Formalizing and Estimating Distribution Inference Risks
- URL: http://arxiv.org/abs/2109.06024v2
- Date: Tue, 14 Sep 2021 15:11:20 GMT
- Title: Formalizing and Estimating Distribution Inference Risks
- Authors: Anshuman Suri and David Evans
- Abstract summary: We propose a formal and general definition of property inference attacks.
Our results show that inexpensive attacks are as effective as expensive meta-classifier attacks.
We extend the state-of-the-art property inference attack to work on convolutional neural networks.

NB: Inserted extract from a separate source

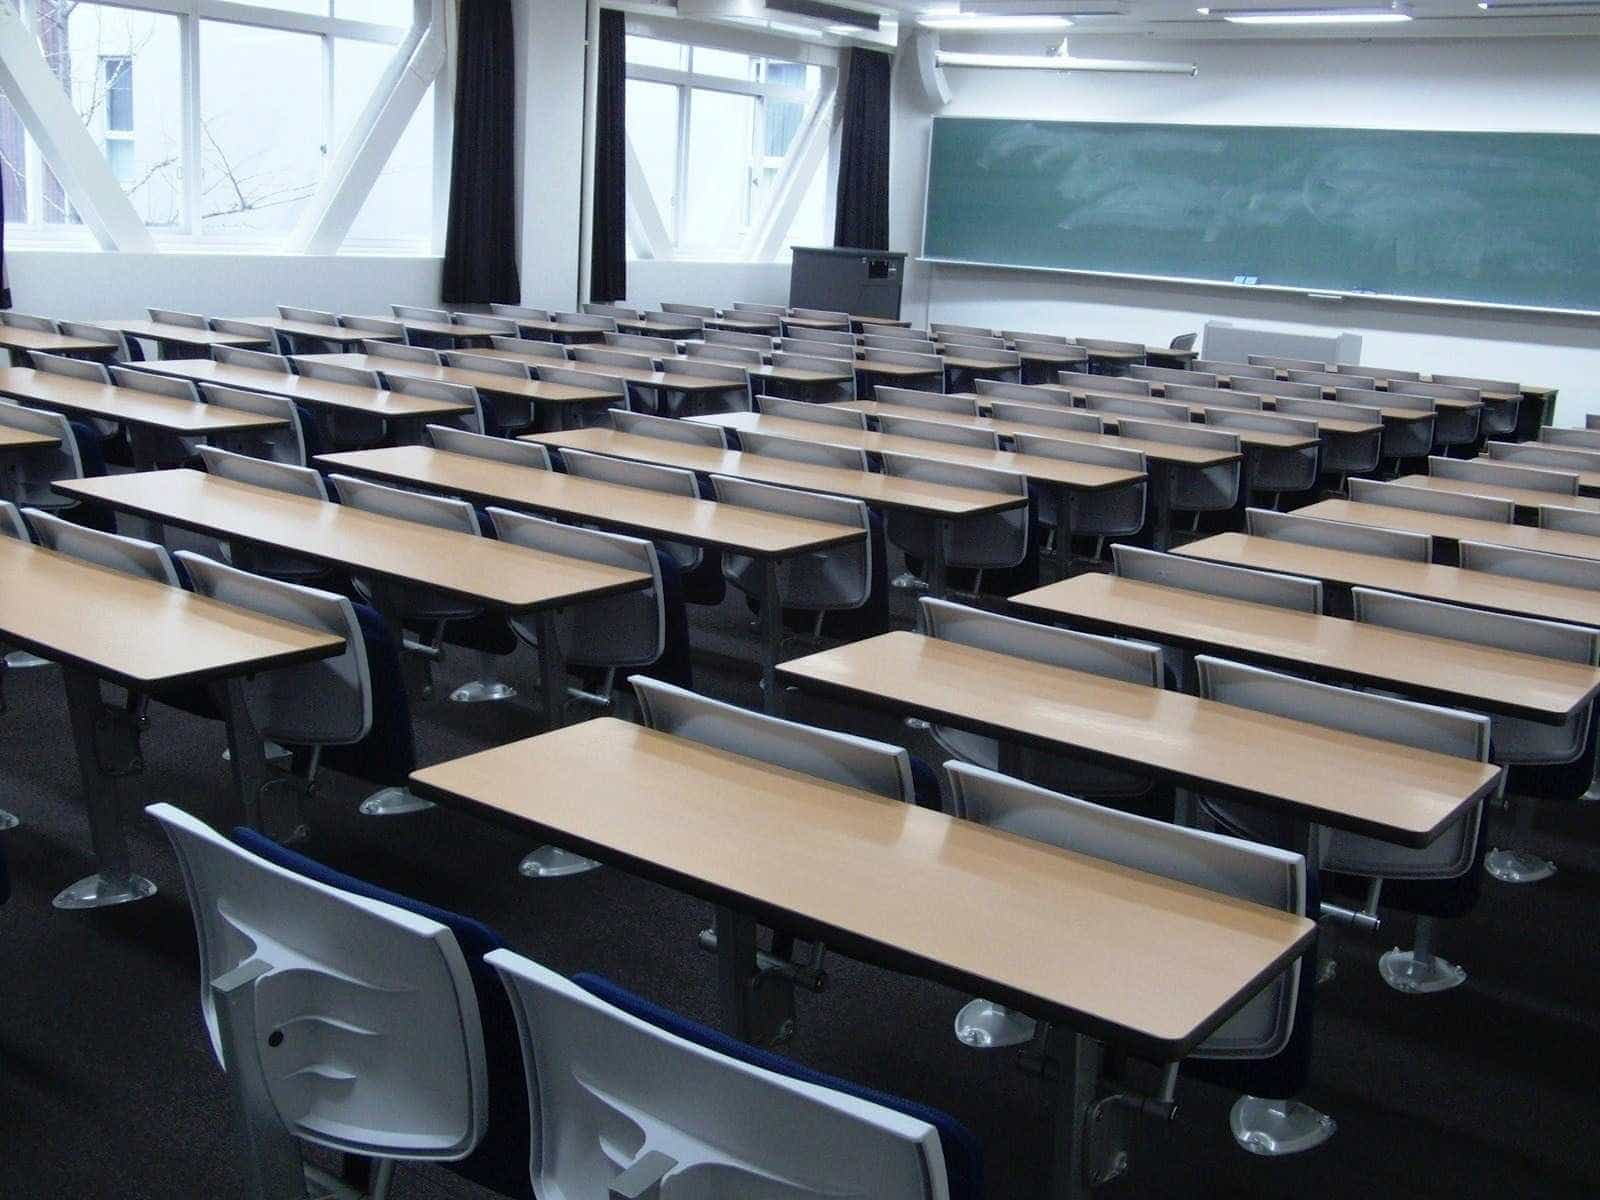 Tiroteio assusta alunos de escolas do Complexo do Alemão; vídeo

- Score: 11.650381752104298
- License: http://arxiv.org/licenses/nonexclusive-distrib/1.0/
- Abstract: Property inference attacks reveal statistical properties about a training set
but are difficult to distinguish from the intrinsic purpose of statistical
machine learning, namely to produce models that capture statistical properties
about a distribution. Motivated by Yeom et al.'s membership inference
framework, we propose a formal and general definition of property inference
attacks. The proposed notion describes attacks that can distinguish between
possible training distributions, extending beyond previous property inference
attacks that infer the ratio of a particular type of data in the training data
set such as the proportion of females. We show how our definition captures
previous property inference attacks as well as a new attack that can reveal the
average node degree or clustering coefficient of a training graph. Our
definition also enables a theorem that connects the maximum possible accuracy
of inference attacks distinguishing between distributions to the effective size
of dataset leaked by the model. To quantify and understand property inference
risks, we conduct a series of experiments across a range of different
distributions using both black-box and white-box attacks. Our results show that
inexpensive attacks are often as effective as expensive meta-classifier
attacks, and that there are surprising asymmetries in the effectiveness of
attacks. We also extend the state-of-the-art property inference attack to work
on convolutional neural networks, and propose techniques to help identify
parameters in a model that leak the most information, thus significantly
lowering resource requirements for meta-classifier attacks.